« Il ne suffit pas de se battre pour le respect du droit existant.
Il faut aussi se battre pour le faire changer »

En s’intéressant à l’actualité des différents mouvements sociaux, il est frappant de constater la place que prennent les problématiques juridiques dans les différentes mobilisations et campagnes. Les militantes et militants sont en effet frappé.es d’une sévère répression judiciaire, comme en témoignent les nombreuses condamnations de personnes venant en aide aux immigrés[1], d’activistes du climat[2] ou de gilets jaunes[3]. Mais, dans le même temps, ces mouvements semblent aussi se saisir d’outils nouveaux pour faire progresser leurs luttes. On pense notamment à différents cas récents : des individus attaquent l’État en justice, comme l’affaire du siècle[4] ou des jeunes parisiens victimes de violences policières et de contrôle au faciès[5].

Si l’articulation entre le droit et les contestations sociales est un sujet qui ne date pas d’hier, il semble que l’expertise juridique tend à prendre de plus en plus de place dans les récentes mobilisations.

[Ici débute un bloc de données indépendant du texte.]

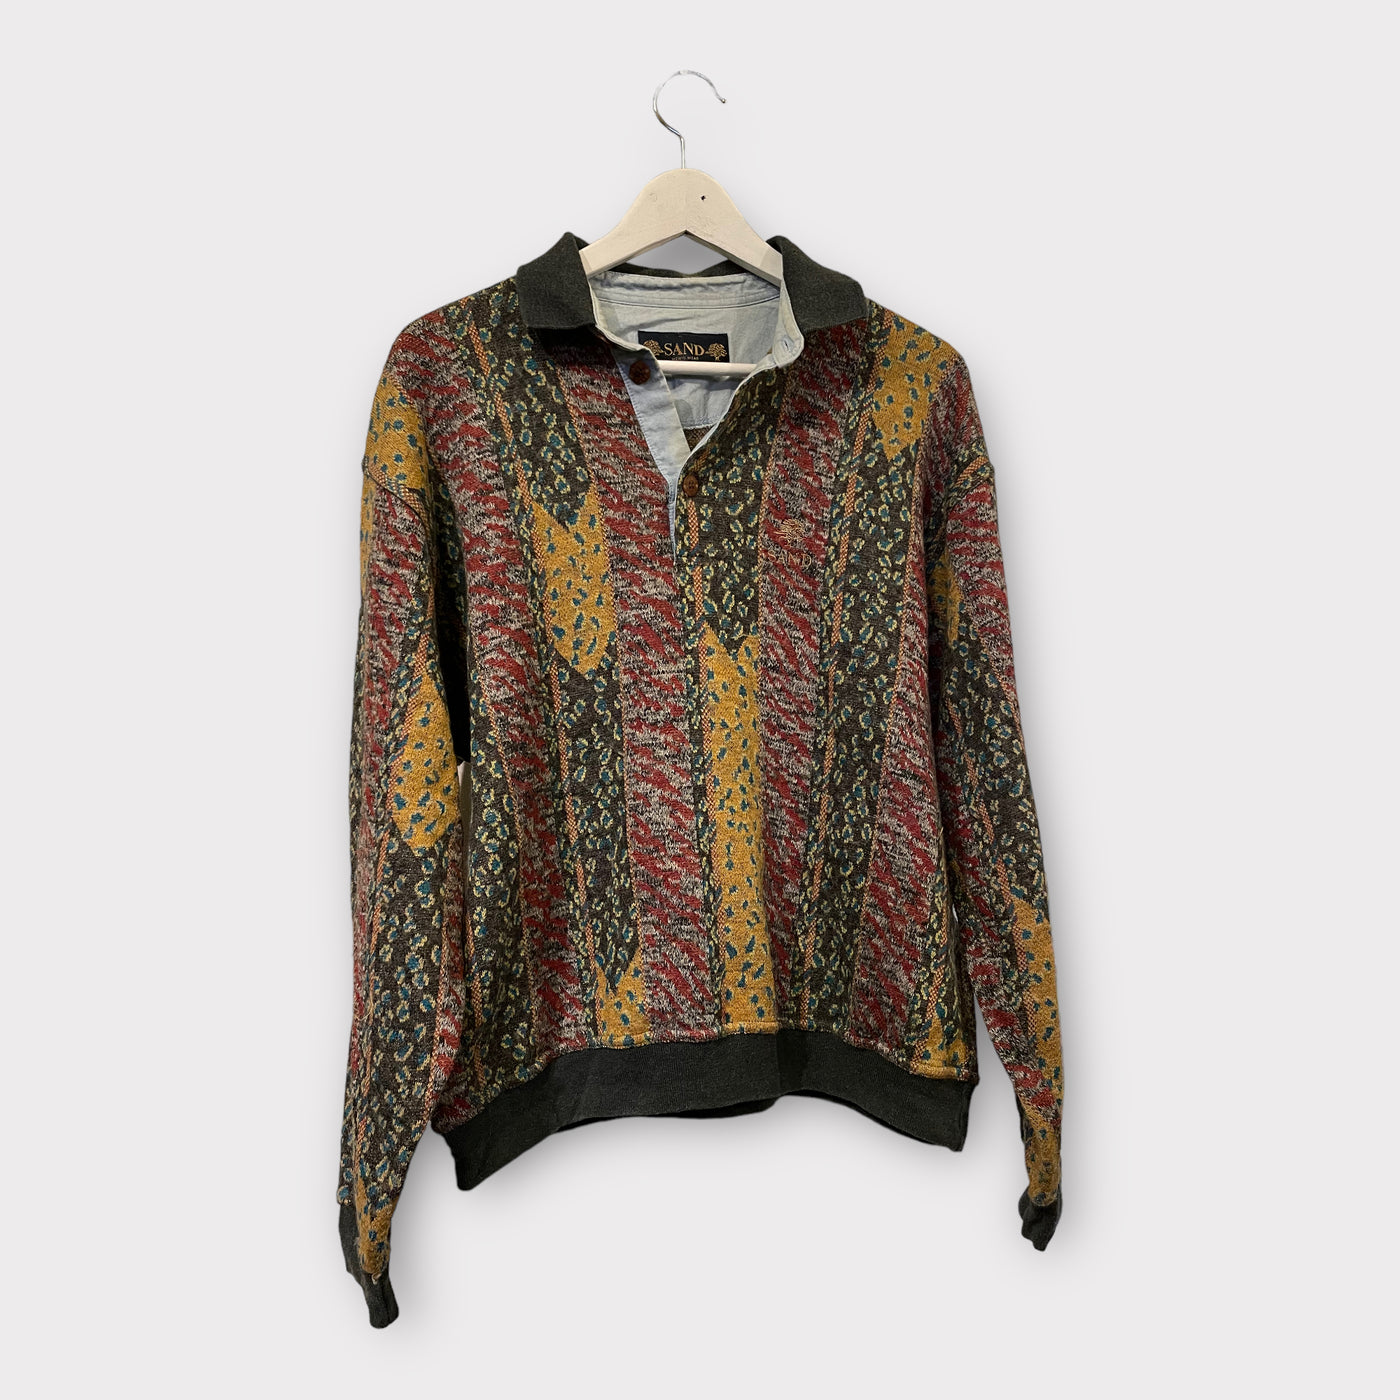 SAND knitted polo long-sleeve in multi-color

Pour observer cette tendance et ces évolutions, nous avons pu nous entretenir avec Danièle Lochak, militante associative de la défense des droits de l’Homme et ancienne présidente du GISTI (Groupe d’Information et de Soutien des Immigré.e.s), pour discuter de la place des experts juridiques dans les mouvements sociaux, et plus particulièrement dans le cadre de ses sujets d’intervention : les droits des personnes immigrées.

De la posture d’intellectuelle au recours au droit comme outil politique

Danièle Lochak est professeure émérite de droit public à l’université Paris-Nanterre et militante associative de la défense des droits de l’Homme au sein du GISTI, le Groupe d’Information et de Soutien des Immigré·es. Elle a également été vice-présidente de la Ligue des Droits de l’Homme. En revenant sur son parcours, elle nous parle de son engagement pour la paix au Proche-Orient après la guerre des Six jours, puis des années 1970, où elle a pris part à divers débats et mouvements dans le contexte des mobilisations syndicales et politiques de l’après-mai 1968, pour s’investir finalement plus spécifiquement dans la défense des droits de l’Homme en général et des étrangers en particulier.

« Mon engagement était autant en tant qu’universitaire que juriste. Le choix de mes sujets de recherche a été, dès l’origine, axé sur le lien entre droit et politique. Par exemple, mon sujet de thèse portait sur le ‘rôle politique du juge administratif français’. Aujourd’hui c’est devenu un peu plus commun et accepté mais à l’époque c’était une idée qui était un peu hétérodoxe. »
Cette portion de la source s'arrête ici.